В этом подарке отразилась вся отцовская натура. Только он умел преподнести вроде бы нужную вещь, от которой не было никакой радости и пользы, лишь одни неприятные обязательства – словно вместо желанного щенка овчарки мне поручили досматривать старую больную диабетом пуделиху.
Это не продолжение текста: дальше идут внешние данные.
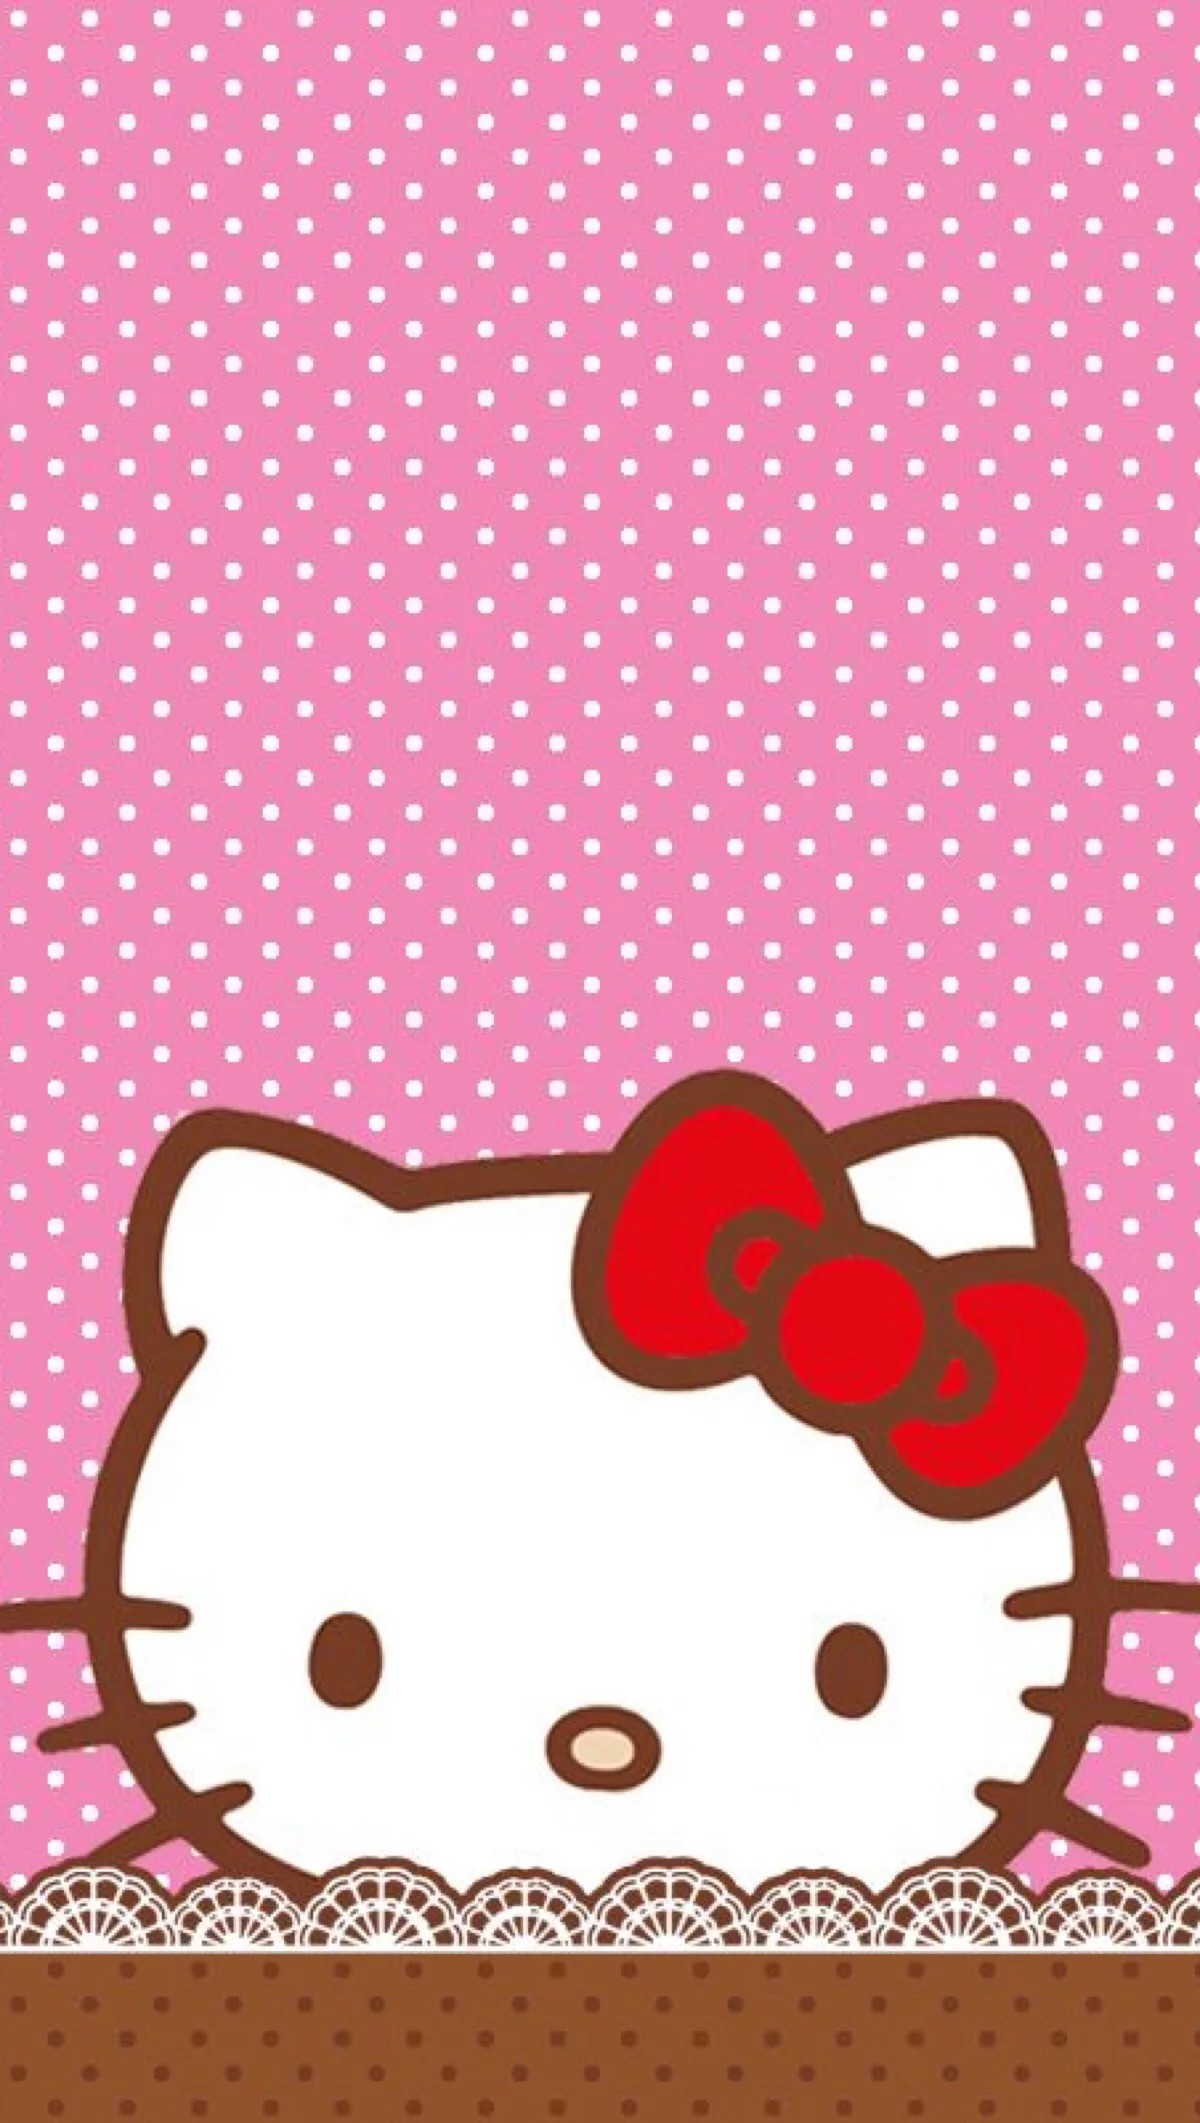 Free download wallpaper hello kitty love images x for your desktop mobile tablet explore wallpapers of kitty images of hello kitty wallpapers backgrounds of hello kitty wallpaper of kitty

Я из принципа пытался приспособить часы к эксплуатации. Допустим, они показывали ровно полдень, а московское время было пятнадцать тридцать, то есть следовало прибавлять к моему биологическому ещё три с половиной часа. И при этом учитывать погрешность механизма – мои часы спешили где-то на минуту в сутки. Уже через две недели я сбивался и, чертыхаясь, отступался.
Но, очевидно, благодаря отцовскому подзатыльнику ритуал ежеутренней подзаводки часов стал для меня такой же нормой, как умывание или чистка зубов. Проснувшись, первым делом я ковылял к серванту. Отец говорил, что пружины в часах хватает на двое суток, но просил, чтобы я заводил их каждый день, в одно и то же время, потому что это “залог здоровья часового механизма”.
Отец без всяких шуток называл часы “биологическими”. Говорил, что однажды я пойму, как ими надо пользоваться, и ещё скажу ему спасибо.
Так или иначе, именно часы впервые привели меня на кладбище – спустя два года.
*****
Отец и мать старались не вздорить открыто и, наверное, поэтому решили спровадить меня куда-нибудь на всё лето, чтобы без помех выяснять отношения.
Родительский выбор пришёлся на самый обычный лагерь, бывший пионерский, путёвки в который распространяли прямо в нашей школе. Лагерь находился за городом возле водохранилища и назывался как отечественный шампунь – “Ромашка”. Первую смену забирали в начале июня – увозили на автобусах со школьного двора.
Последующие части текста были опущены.